De Gelderse roos (Viburnum opulus) is een struik of lage boom uit de muskuskruidfamilie (Adoxaceae). De soort komt van nature ook voor in de Benelux. De plant kan van 1,5 tot 6 m hoog worden. maar is meestal tot 3 m hoog. De Gelderse roos is in Nederland vooral te vinden in het rivierengebied langs kreken of strangen.

Gelderse Roos

De Gelderse roos bloeit in mei en juni met witte bloemen die in platte tuilen voorkomen. De randbloemen zijn steriel, de overige bloemen zijn fertiel (vruchtbaar). De randbloemen hebben de functie om insecten te lokken. De bloem wordt door insecten bezocht vanwege de nectar.

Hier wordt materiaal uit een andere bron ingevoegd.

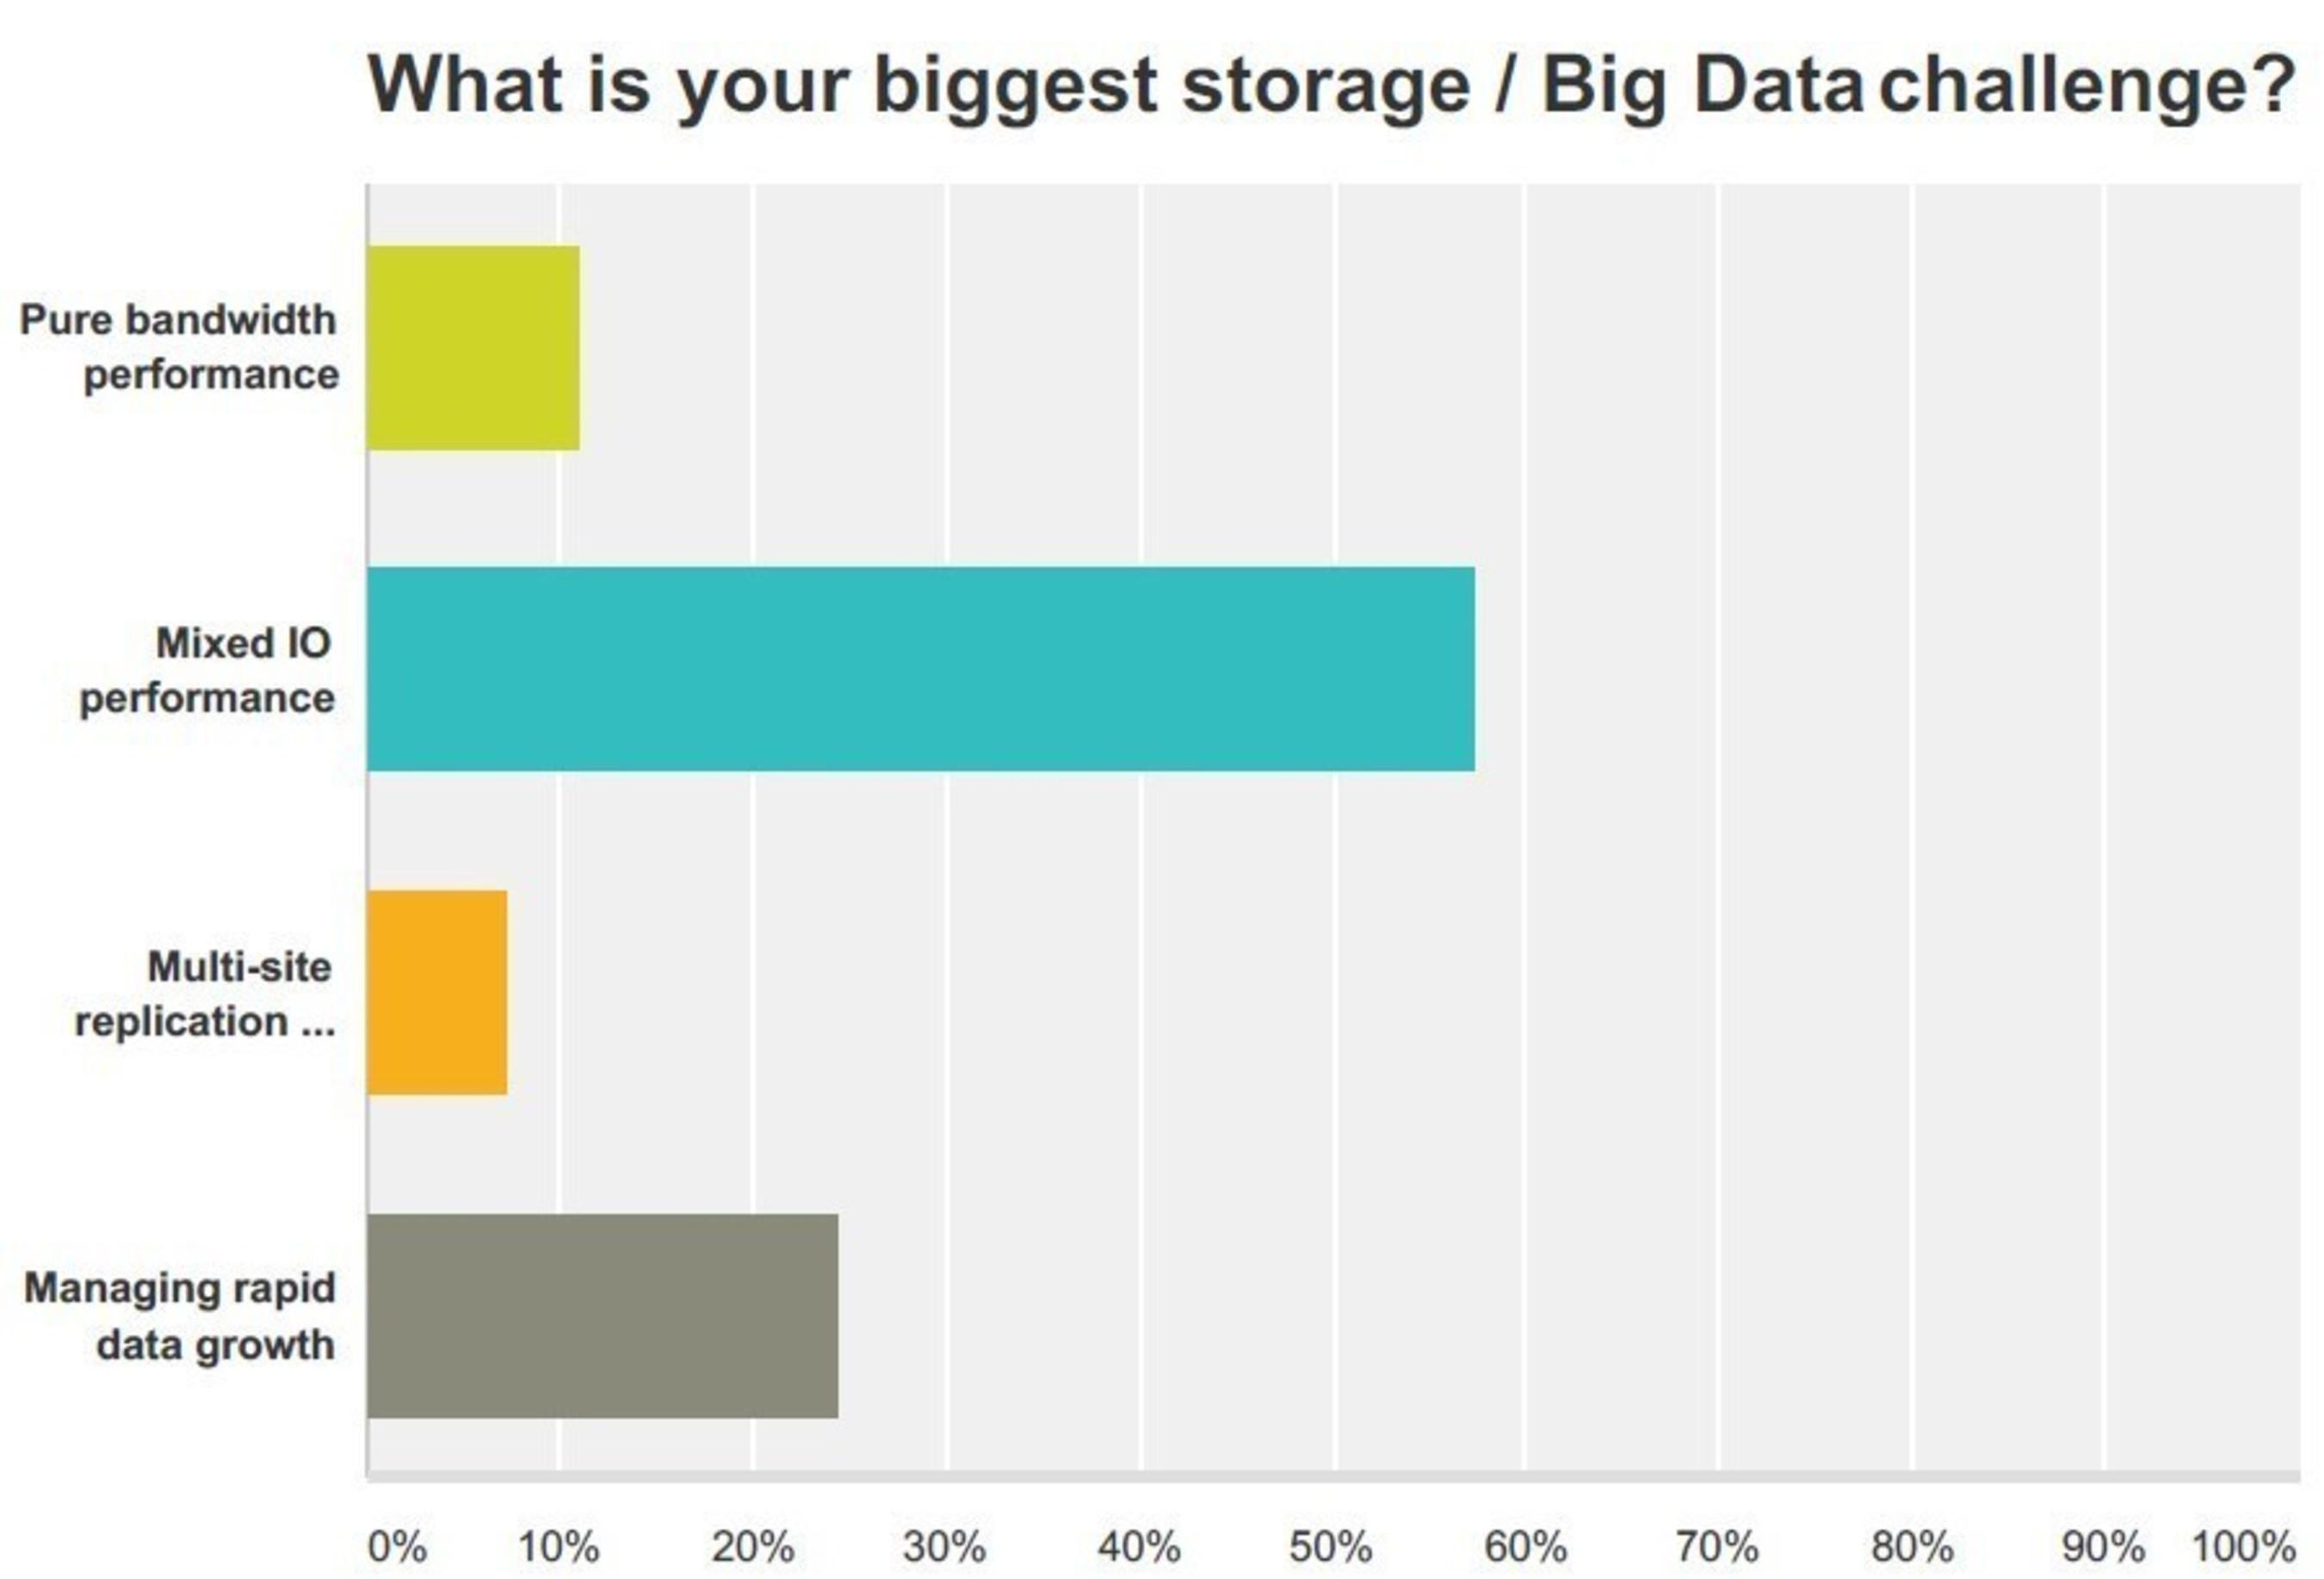 What is your biggest storage/Big Data challenge?

Na de bloei komen er hangende trosjes met bessen, die lang aan de struik blijven zitten. De vruchten bevatten coumarinen, diterpenen en glycosiden. De rode vruchten hebben een zure en bittere smaak en zijn voor de mens eetbaar, maar zijn in grote hoeveelheden rauw licht giftig. In sommige landen worden de bessen verwerkt tot jam. De bessen kunnen goed de winter doorstaan en worden vaak gegeten door Pestvogels. De hoeveelheden suikers nemen zelfs toe in de winter. Ook worden de bessen gegeten door vogelsoorten als goudvink, grote lijster en roodborst.

Een populair ras is veel in tuinen te vinden: Viburnum opulus 'Rosea'. Deze struik heeft steriele bloemen die van groenig geel naar wit verkleuren en ook wel sneeuwbal wordt genoemd. Steriele bloemen leven langer dan fertiele. Maar dit betekent dat de struik dus ook geen bessen vormt. De bessen in combinatie met naar rood verkleurende bladeren zijn wel te zien bij een laagblijvende vorm van de Gelderse roos: het ras Viburnum opulus 'Compactum'.